This shocking story was very widely covered in our media at the time, and has been reinforced over the decades by numerous books and articles, even becoming the subject of Hotel Rwanda, a successful, Oscar-nominated Hollywood film. Much of the most important early reporting on the Tutsi genocide and its aftermath came from journalist Philip Gourevitch, whose series of long New Yorker articles later became the basis of his award-winning 1998 bestseller. That famous work was glowingly reviewed in our leading publications, thereby bringing elements of his gripping narrative to the attention of many additional millions of readers, myself included.

Although in previous decades, most major countries had signed anti-genocide conventions, when the minority population of a weak and impoverished African nation suffered exactly that fate, all our international leaders stood by and did nothing. In the aftermath of the Cold War, the leaders of the Clinton Administration had boastfully proclaimed America as the world’s sole superpower, but faced with reports that a genocide taking place in a small African nation, they looked the other way.

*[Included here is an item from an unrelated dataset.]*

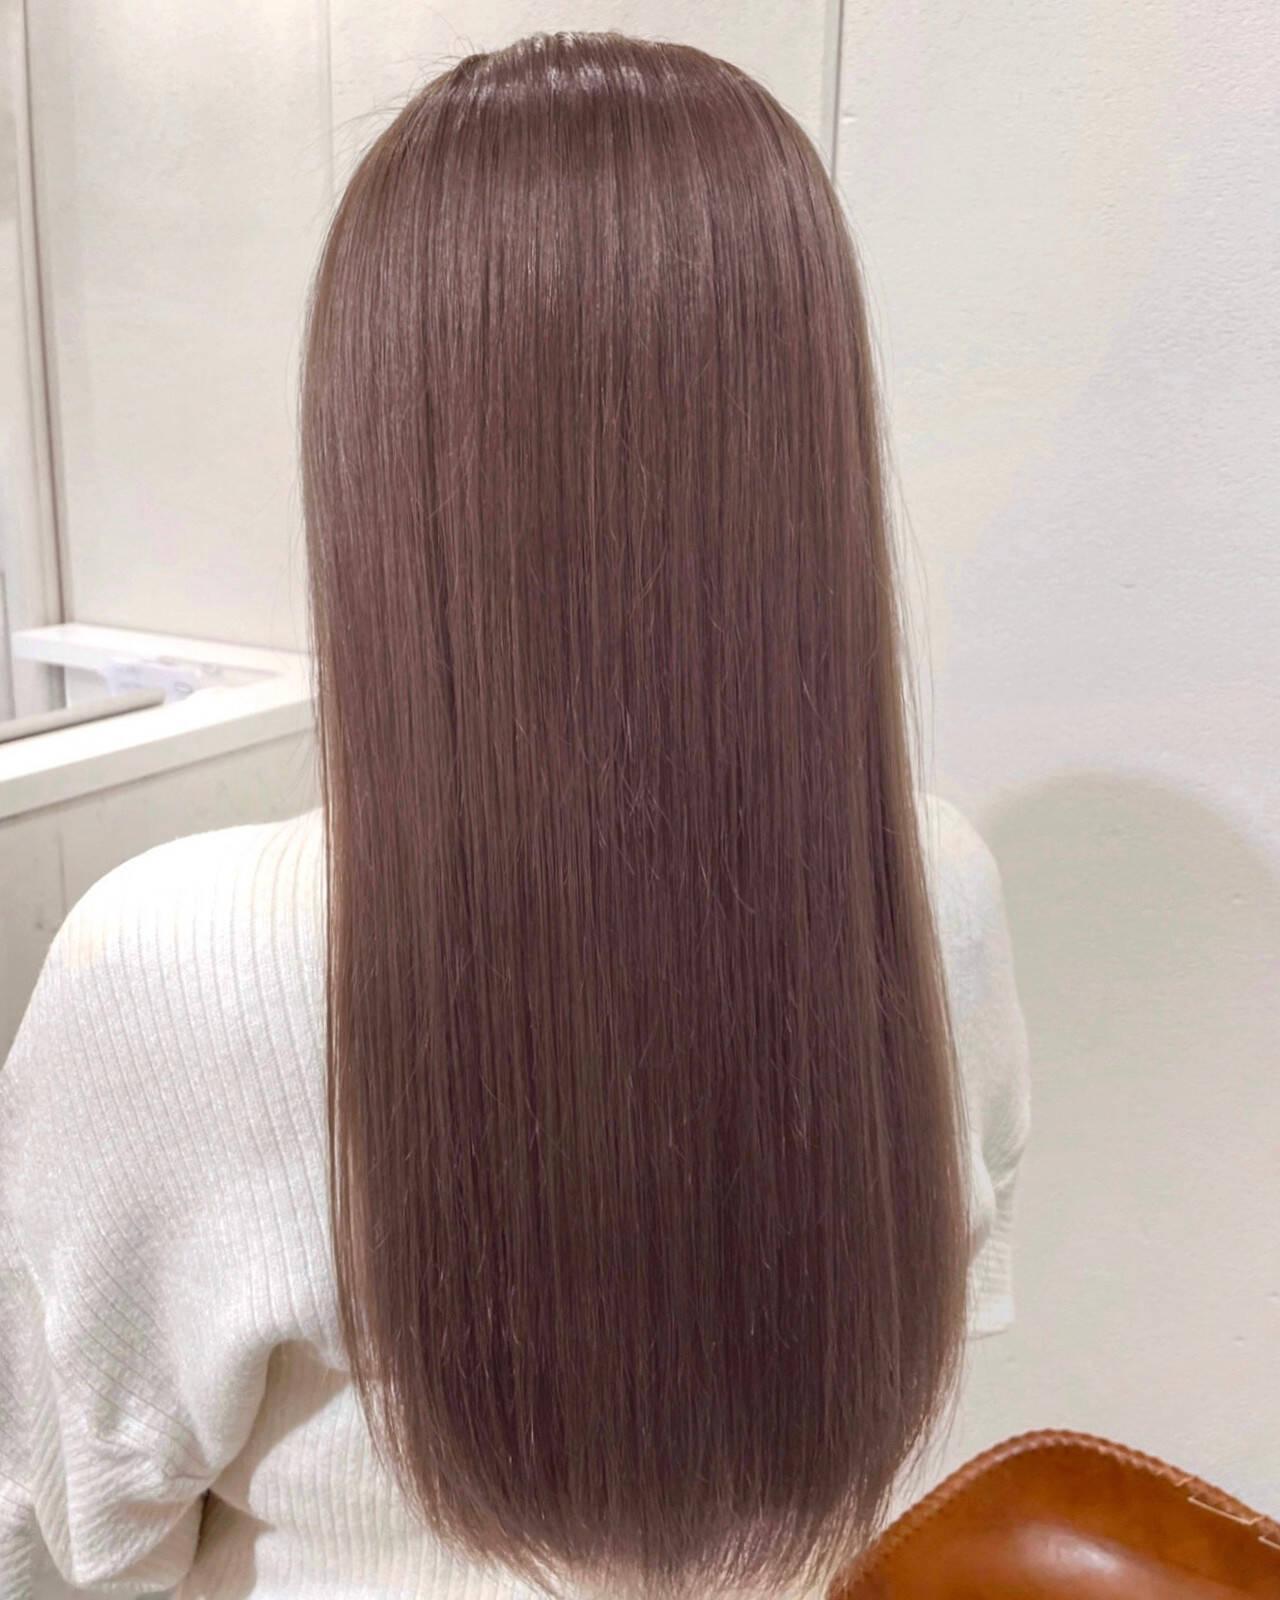 ピンクラベンダー ピンクブラウン ピンクアッシュ ナチュラルヘアスタイルや髪型の写真・画像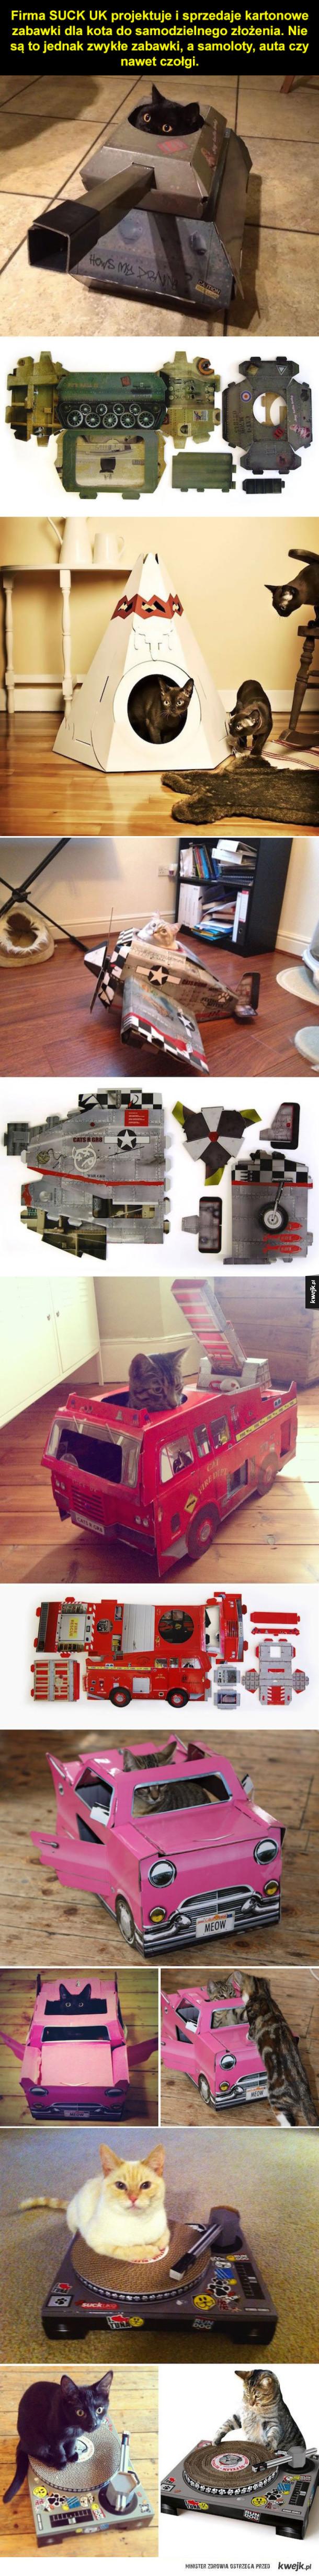 Nareszcie czołg dla kota

As I explained in my article, during the months and years that followed, many writers and public intellectuals reacted with outrage to these horrific events, and one journalist decided to write a long book on the genocides of the previous hundred years. That work became a huge bestseller, attracting enormous attention and eventually having an important impact on global public policy.

Once the grim facts about the massive scale of the genocide became widely known, elite Western political and media circles felt tremendous shame that their governments had done nothing.

Samantha Power was then in her mid-20s, a naturalized Irish immigrant who had graduated from Yale and was working as an overseas war correspondent. She and many others were outraged that no American officials had resigned in protest over their government’s lack of action over Rwanda, a personal sacrifice that might have provoked enough media attention to pressure the West into taking action, thereby saving hundreds of thousands of lives. Returning to America to attend Harvard law school, that simmering righteous anger—heightened as she realized that lack of timely government action had also occurred in other such situations—inspired her to write a paper on the subject.